Not only can the Kremlin’s interference in this policy area be seen as an intrusion into an area previously delegated to the federal districts, but also, now that parents have to give a written permission for their children to take part in mother tongue education classes, they are also targets of systematic bureaucratic harassment. What makes this new law even more problematic is that, as mentioned, Russian language  will from now on be considered as a native language among those to choose from. Given the fact that Russia’s final high school exam has to be taken in Russian, and generally speaking, a good command of Russian is a prerequisite for socio-economic ascension in most career paths, parents are likely to be expected to opt for Russian native language classes in spite of their linguistic minority background. Thus, with the new law, learning one’s native language at school can be done only to the detriment of a better command of Russian, which, in effect, discourages speakers of minority languages from learning their native languages at school.

There has been resistance against this new legal amendment among the Russian population, especially from the linguistic minorities within the Federation such as the Kabardino-Cherkess in Kabardino-Nalkaria, the Ossetians in North Ossetia and the Kumyk and Avar in Dagestan, but also from the Crimean Tatars in Crimea. Already, the number of native speakers of these linguistic minorities has been decreasing in recent years, even during the time when native language education was compulsory. An internet petition against this new law has been set up and about fifty thousand signatures have been collected so far.

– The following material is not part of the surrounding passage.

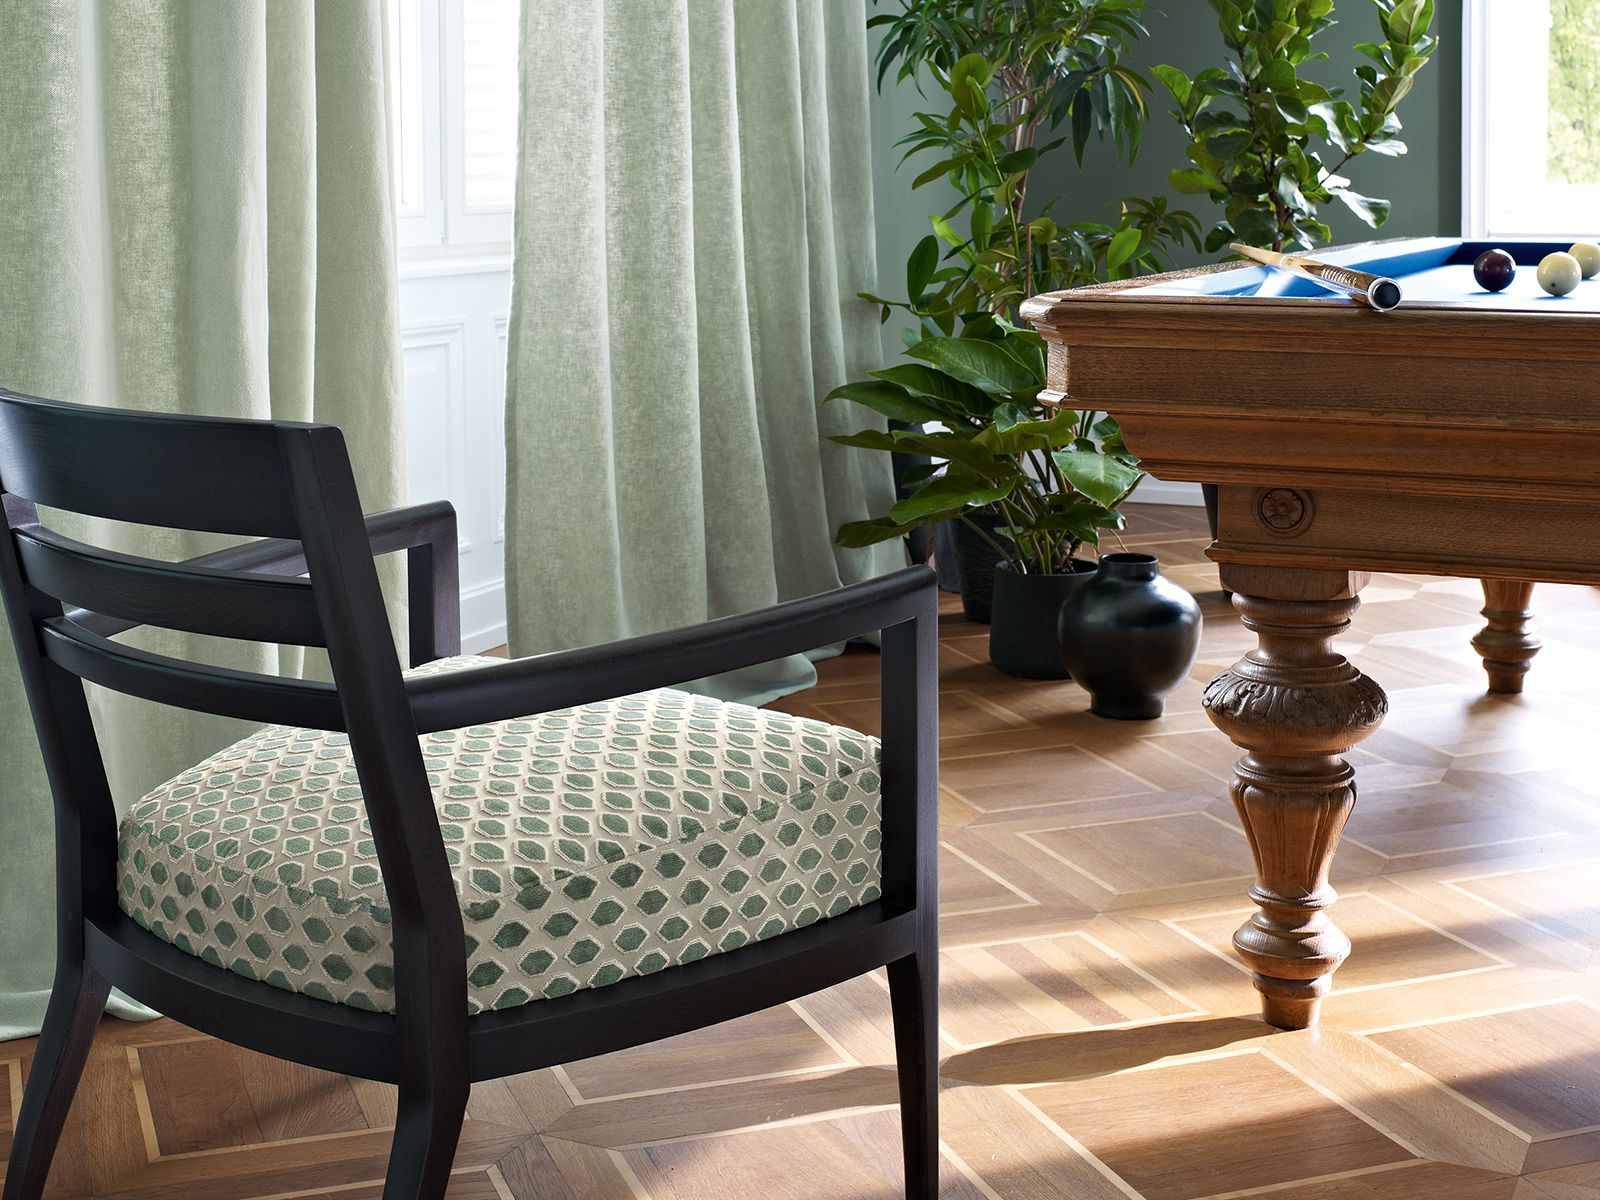 Zimmer + Rohde, living room, Wohnzimmer, Sessel, armchair ...

Education is one of the key tools of linguistic policy-making in order to either encourage or discourage the acquisition and consequently the preservation of children’s native languages. This legislative amendment put forward by the Russian government will certainly cause the latter, provoking a further decrease in the number of speakers of these languages. The UNPO hopes that decision-makers in the Duma will remember the distinction made in the Russian language between pусский (russkij) and pоссийский (rossijskij), in a further reading of this amendment. The former term refers to the Russian ethnicity, while the latter designates all citizens of the Russian Federation. If one were to believe the Russian government’s discourse, after 2014, Crimean Tatars have become Russian subjects, or pоссийский, which in turn means that they should not their right to preserve their Crimean Tatar identity, culture, religion and, crucially, their language, taken away from them.